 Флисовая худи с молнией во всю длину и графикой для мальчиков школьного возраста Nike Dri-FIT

==

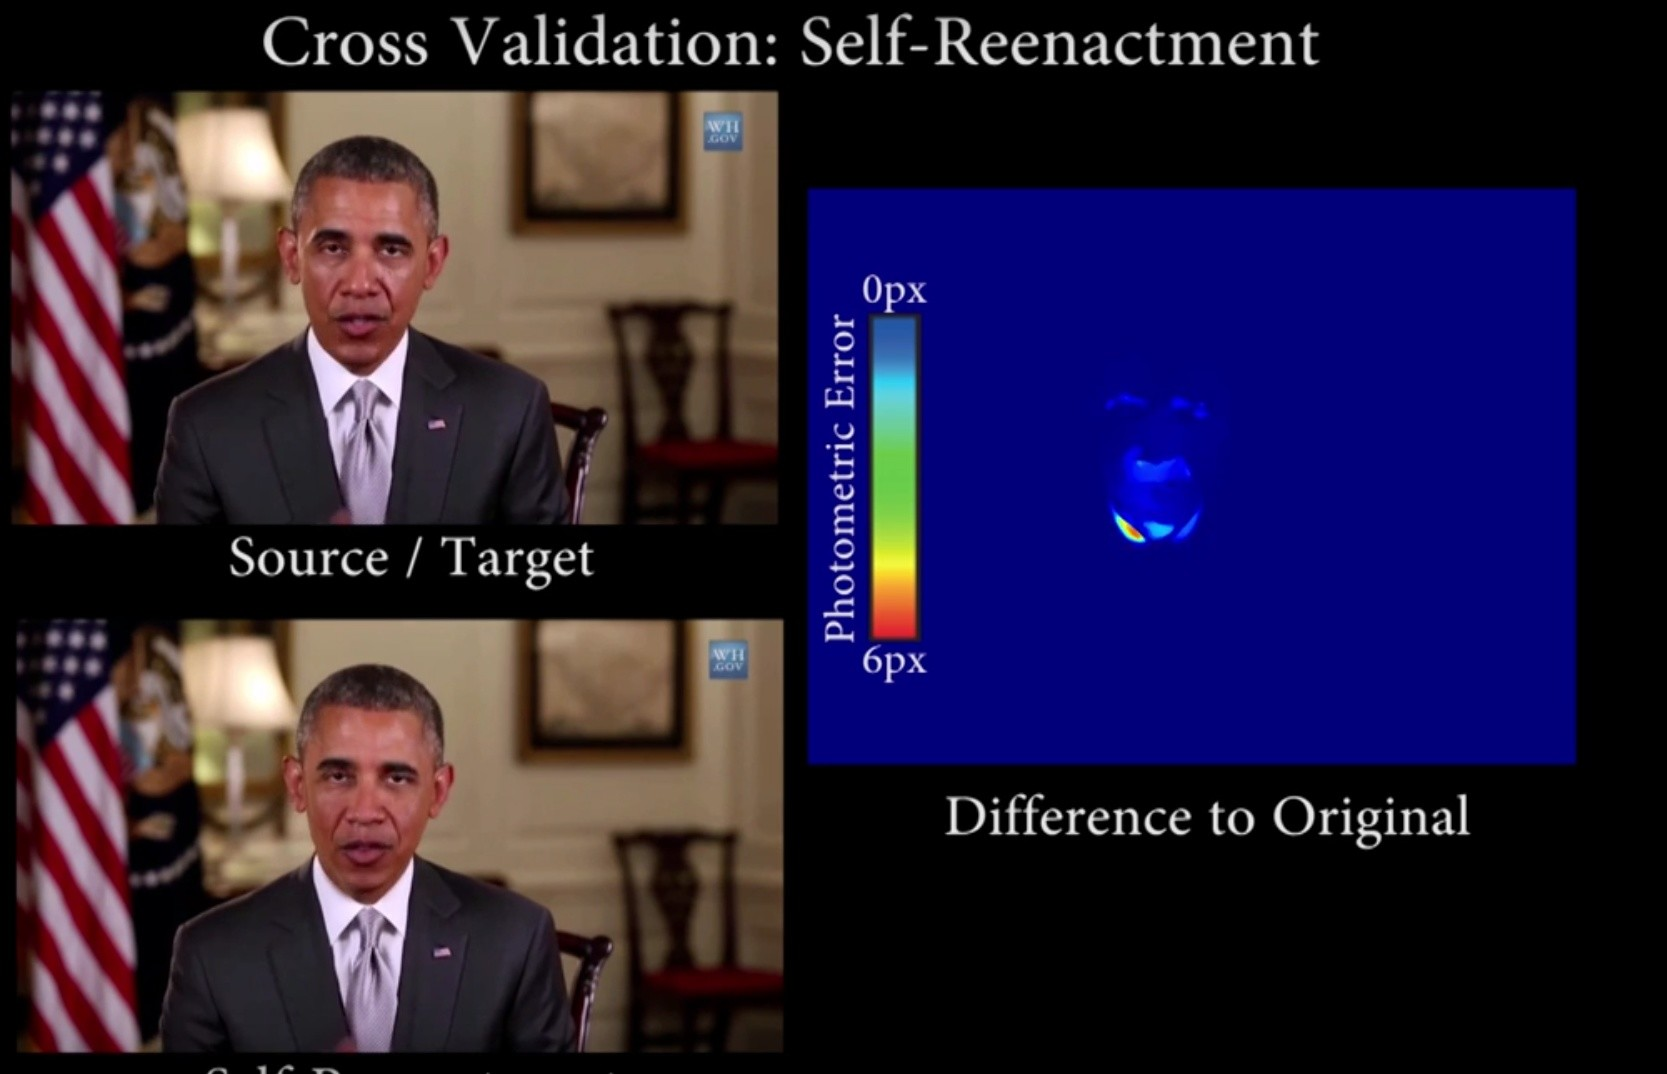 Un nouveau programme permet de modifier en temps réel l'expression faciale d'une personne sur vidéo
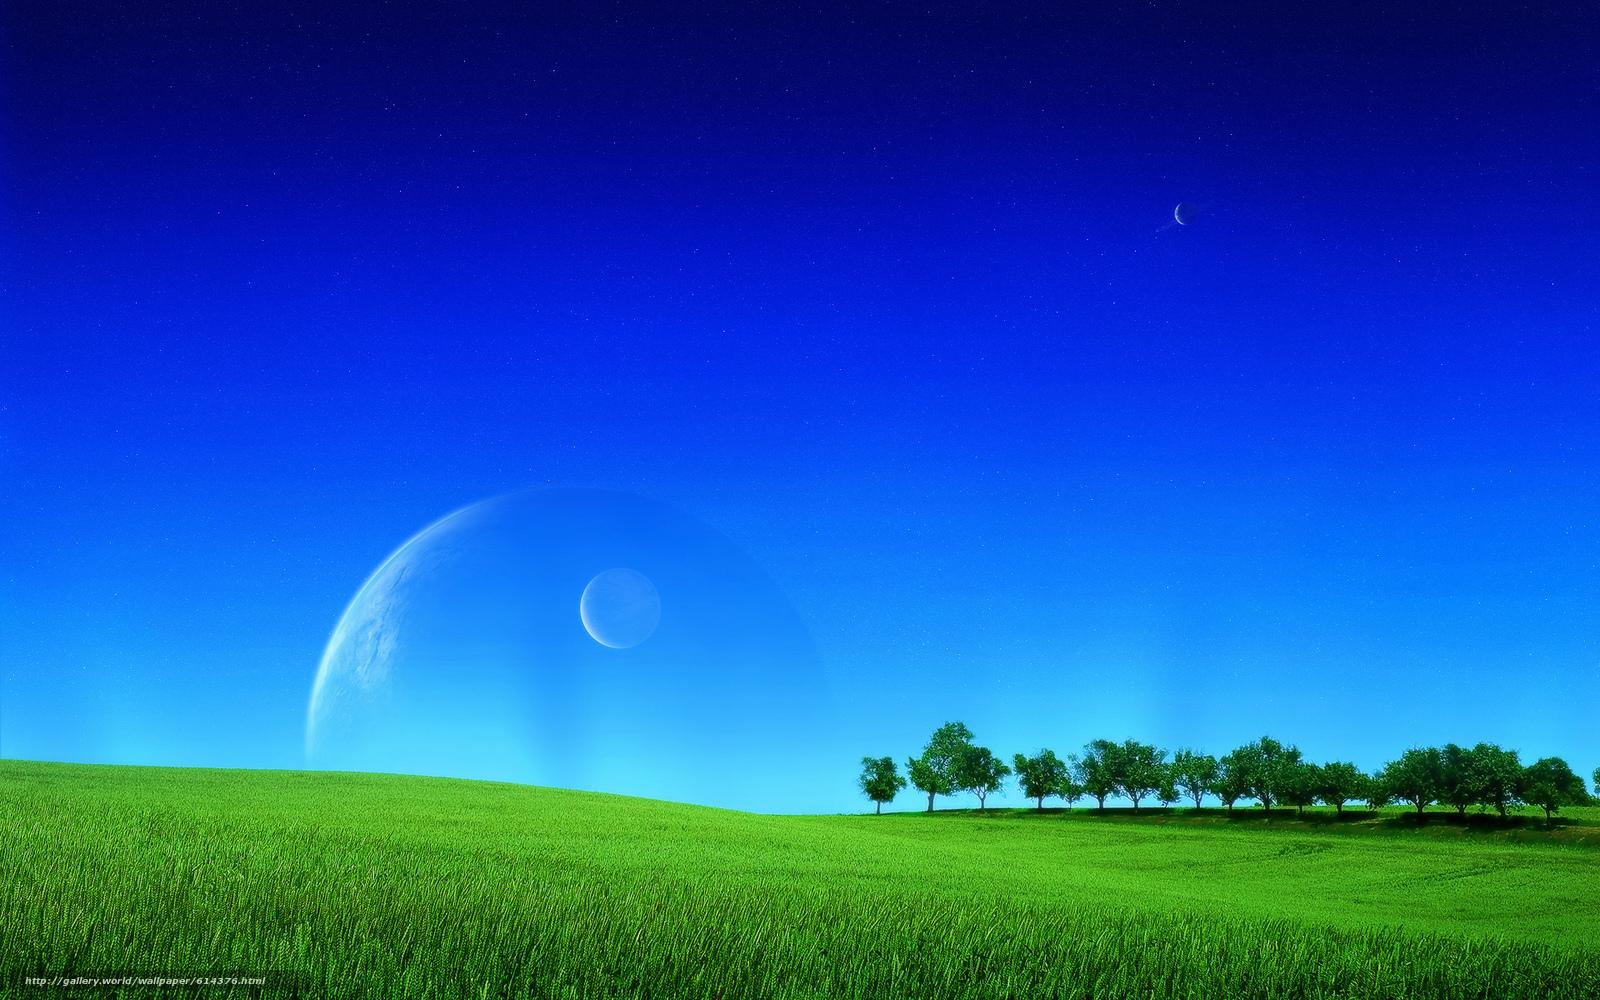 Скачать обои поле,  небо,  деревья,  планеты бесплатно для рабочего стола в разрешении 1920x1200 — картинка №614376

--

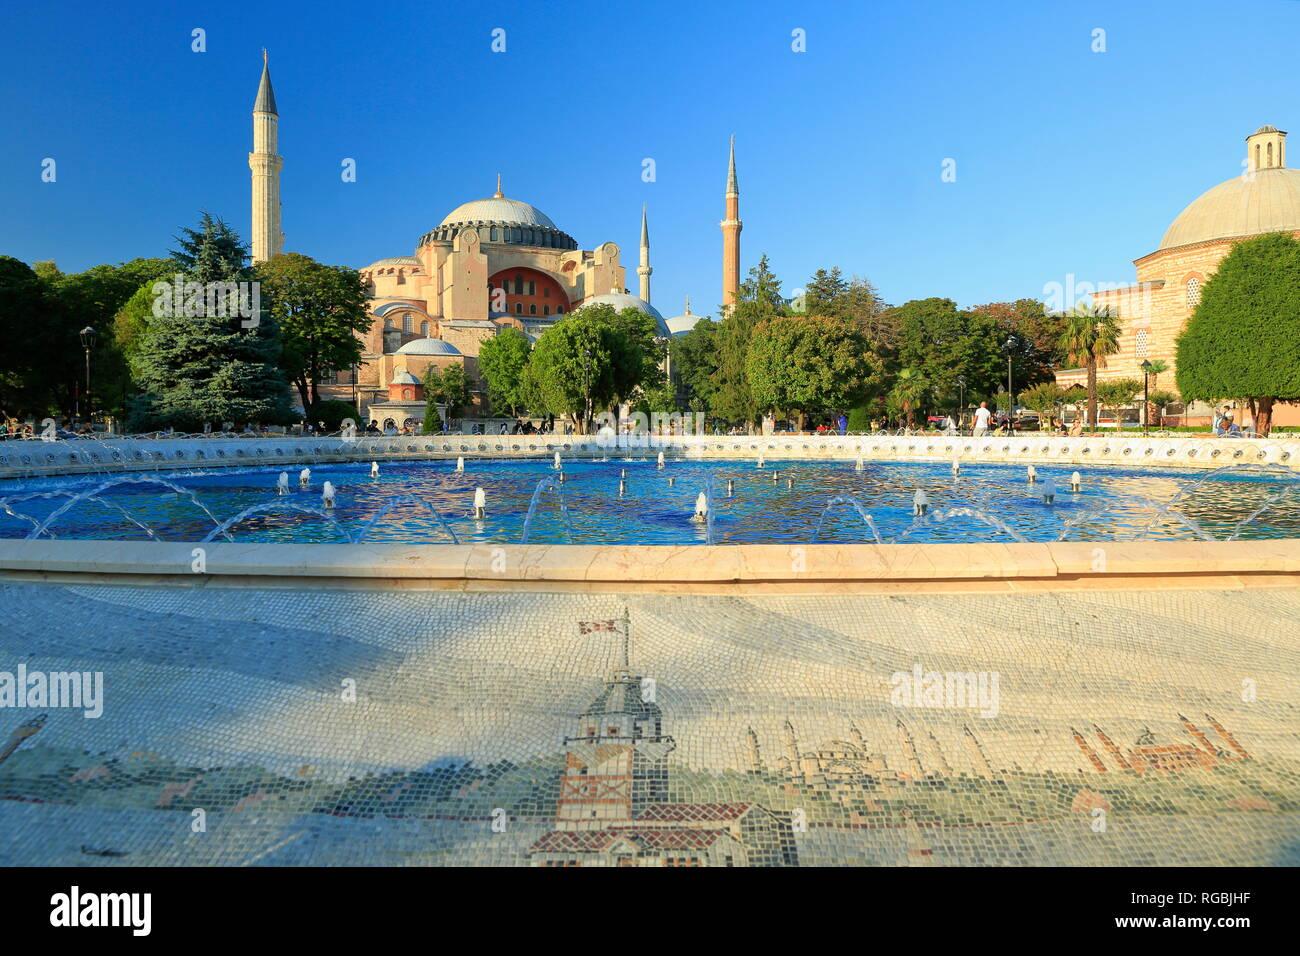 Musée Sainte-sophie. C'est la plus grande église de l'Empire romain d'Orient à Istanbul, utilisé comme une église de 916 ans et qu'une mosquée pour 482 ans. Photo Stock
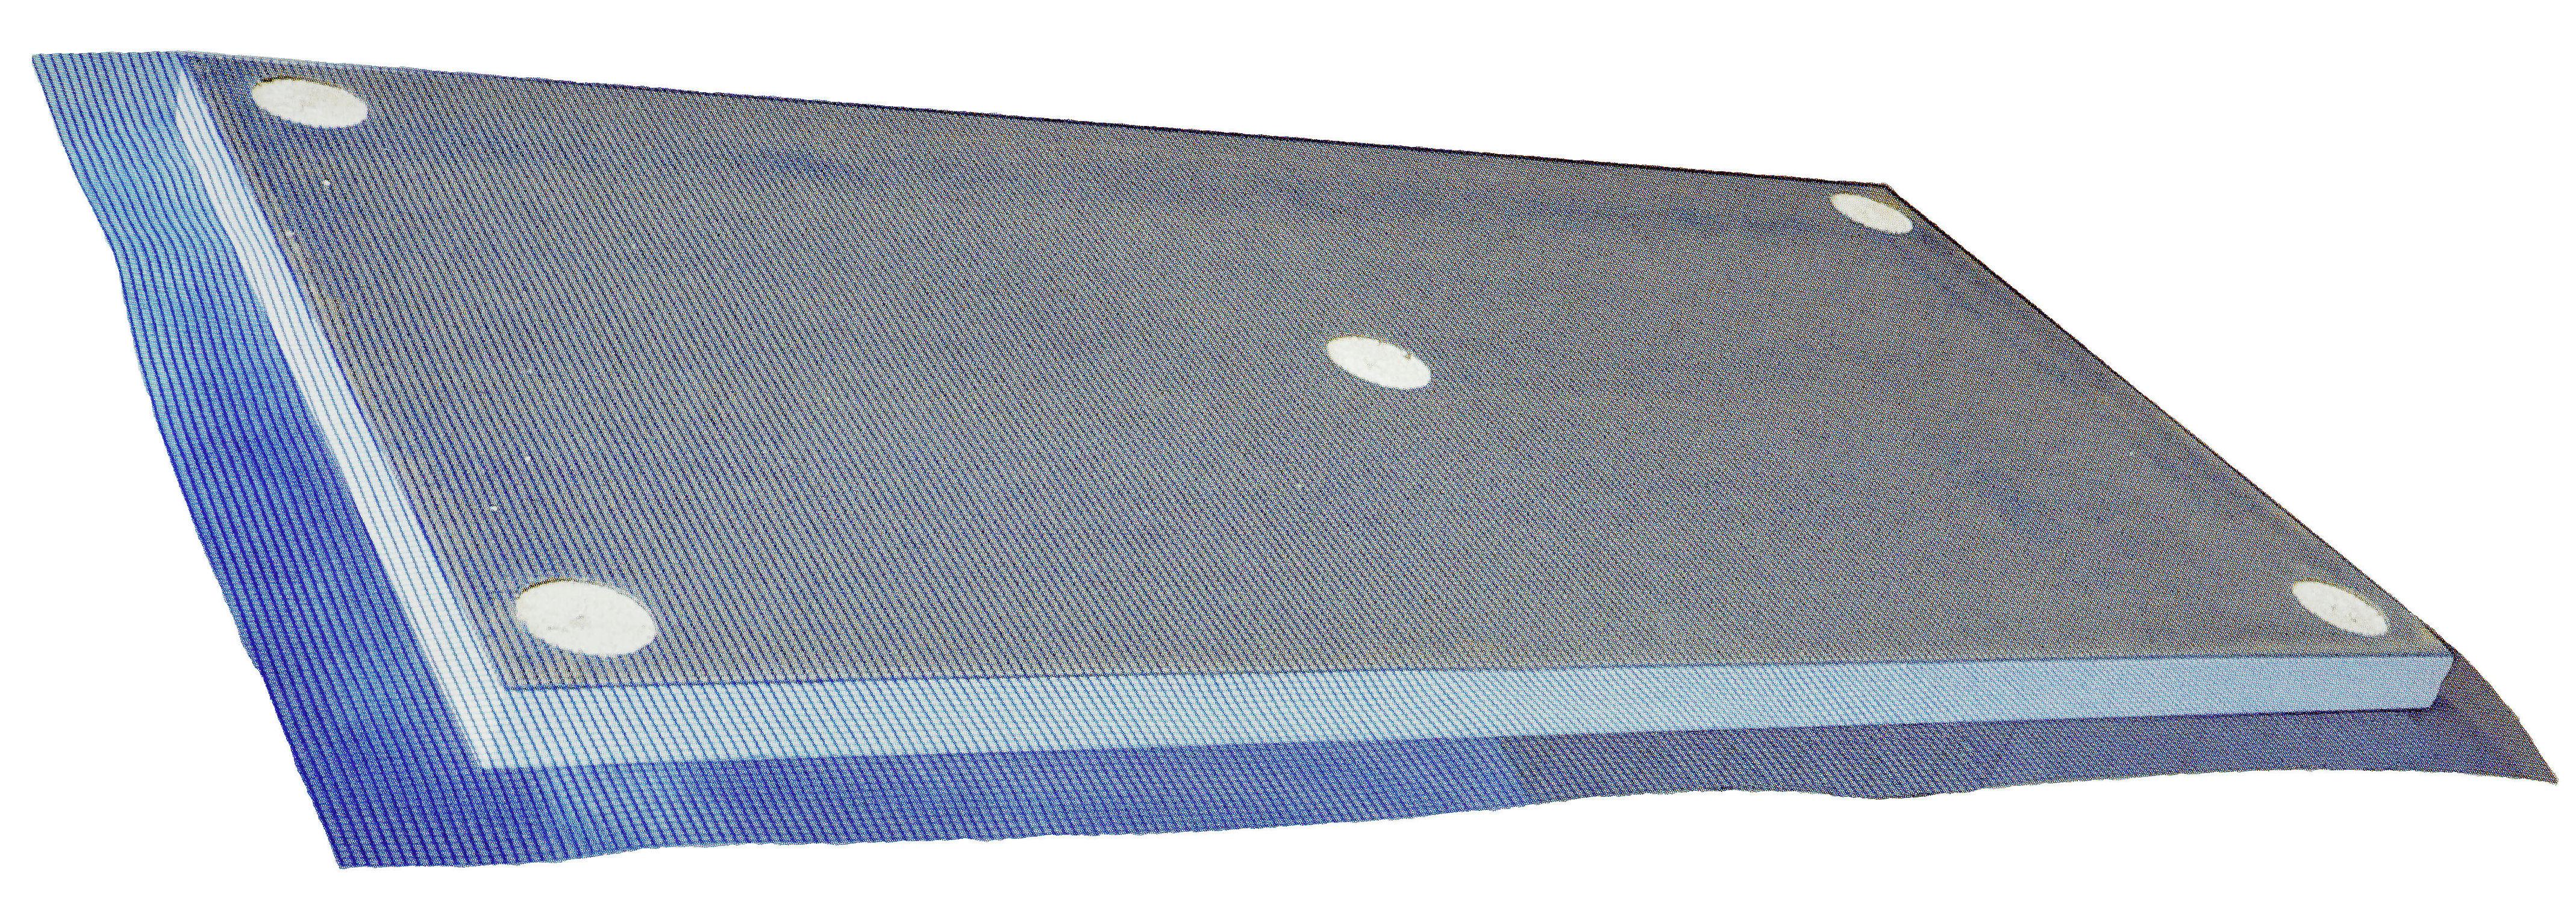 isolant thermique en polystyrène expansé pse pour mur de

Required action: In the listing above, find the line with "Un nouveau programme" and output it and every line after it up to and including the line with "1920x1200 — картинка №614376", exactly, minus the pictures.

Response for this exercise:
 Un nouveau programme permet de modifier en temps réel l'expression faciale d'une personne sur vidéo
 Скачать обои поле,  небо,  деревья,  планеты бесплатно для рабочего стола в разрешении 1920x1200 — картинка №614376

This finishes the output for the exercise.